Meinung: Ukraine-Krise - Deutschland muss offen über Waffenlieferungen reden
DW
Deutschland liefert der Ukraine Helme, aber keine Waffen, auch keine rein defensiven. Das ist die Folge der seit Jahren anhaltenden Weigerung, über das heikle Thema Waffenexporte ernsthaft zu streiten, meint Jens Thurau.
Es ist einer der großen Widersprüche der deutschen Außenpolitik, und das seit vielen Jahren: Die Bundesrepublik zählt zu den größten Waffenexporteuren der Welt. Momentan liegt Deutschland auf Platz vier, hinter den USA, Russland und Frankreich. Für fast neun Milliarden Euro exportierten deutsche Waffenschmieden zuletzt ihre Produkte vor allem nach Südkorea, Algerien und Ägypten.
Und gleichzeitig bleibt die Regierung, die neue wie auch schon die alte, bei ihrer Haltung, keine Waffen in Konfliktregionen zu liefern. Auch jetzt, in der sich immer weiter hochschaukelnden Krise an den Außengrenzen der Ukraine, in der das russische Säbelrasseln längst beängstigende Züge angenommen hat und die USA schon davon sprechen, der Angriff der Russen auf die Ukraine könnte bereits in den nächsten Tagen beginnen. Doch Kanzler Olaf Scholz und Außenministerin Annalena Baerbock setzen ganz und gar auf die Diplomatie. Und sie haben nach Wochen des merkwürdigen Zauderns eine regelrechte Gesprächs-Offensive in Gang gesetzt, die im Besuch von Scholz in Kiew und danach in Moskau in dieser Woche ihren vorläufigen Höhepunkt findet.

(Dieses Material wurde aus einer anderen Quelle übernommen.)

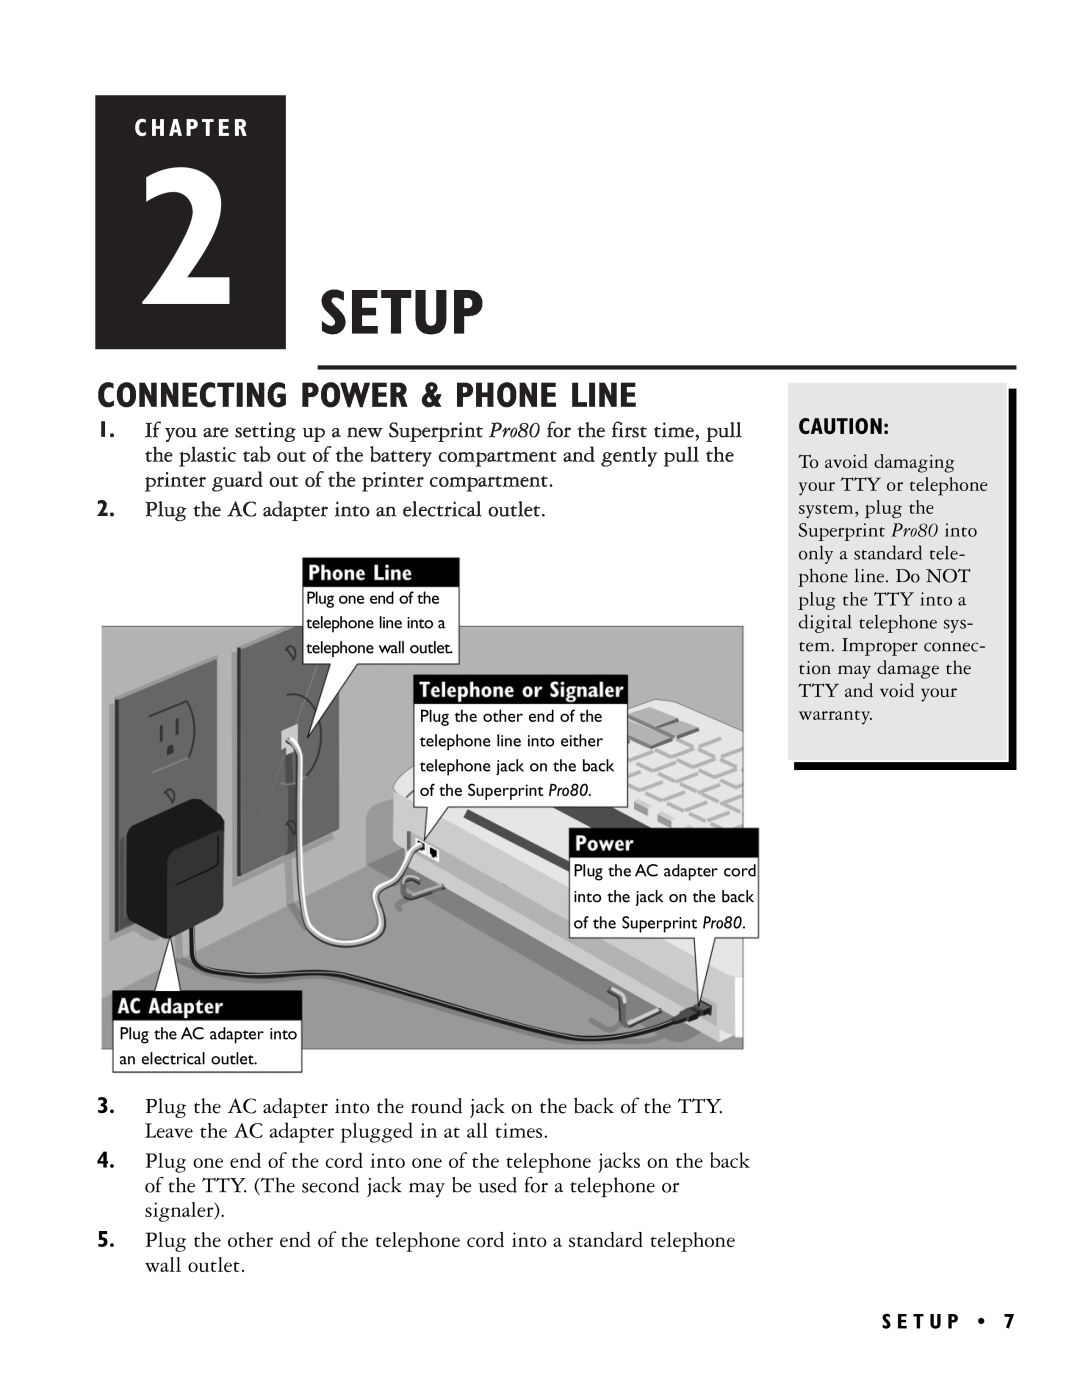 Ultratec PRO80TM manual Setup, Connecting Power & Phone Line, C H A P T E R

Es gibt gute Gründe für den deutschen Standpunkt, prinzipiell keine Waffen in Kriegs- oder Krisenregionen zu liefern. Zumal in eine Region, die vor einem Menschenalter unter einer furchtbaren deutschen Besatzungsherrschaft litt. Die Gefahr, die Konflikte durch immer mehr Waffen noch weiter anzuheizen, ist nicht von der Hand zu weisen. Und es ist auch richtig, dass eben nicht geschossen wird, solange die Konfliktparteien noch miteinander sprechen.
Das Problem ist eher, dass in Deutschland, vor allem in den regierenden Parteien, keine wirklich ernsthafte Debatte darüber stattfindet, wann dieser Standpunkt eben nicht mehr haltbar ist. Und das hat damit zu tun, dass fest in die deutsche Nachkriegsmentalität eingebrannt ist, dass sich das Land zurückhält, wenn es brenzlig wird. Noch jeder Auslandseinsatz der Bundeswehr, von Afghanistan bis Mali, wurde und wird in Umfragen von der Mehrheit der Bevölkerung abgelehnt. Daraus haben die Parteien längst ihre Schlüsse gezogen. Deutschland macht gern Geschäfte mit der ganzen Welt, auch Waffengeschäfte. Aber bleibt bei Konflikten bei seiner fast pazifistischen Grundhaltung - auch wenn es immer wieder Ausnahmen gibt und gab.
Bei der SPD etwa führt diese Haltung weit zurück in die Frühzeit der Entspannungspolitik unter Willy Brandt. Und bei den Grünen in ihre Wurzeln in der Friedensbewegung der 1970er- und 1980er-Jahre. Dabei gibt es in beiden Parteien längst viele Stimmen, die argumentieren, ein solcher Standpunkt lasse sich nicht immer und überall aufrechterhalten. Beim jüngsten Parteitag der Grünen gab es etwa durchaus einen Antrag mit dem Ziel, der Ukraine auch militärisch stärker unter die Arme zu greifen. Eine Mehrheit fand er aber nicht. Und der heutige Vizekanzler und Wirtschaftsminister Robert Habeck erntete im Wahlkampf im vergangenen Jahr viel Kritik aus den eigenen Reihen, als er bei einem Besuch in den Kampfgebieten der Ostukraine die Lieferung von Defensiv-Waffen forderte. Aber die Diskussion wurde dann nicht weitergeführt. Sie versandete, wie fast immer in Deutschland bei diesem Thema. Eine der wenigen Ausnahme war die deutsche Beteiligung am Kosovo-Krieg auf dem Balkan vor mehr als 20 Jahren. Eine Entscheidung, die vor allem die Grünen mit ihrem damaligen Außenminister Joschka Fischer fast zerriss.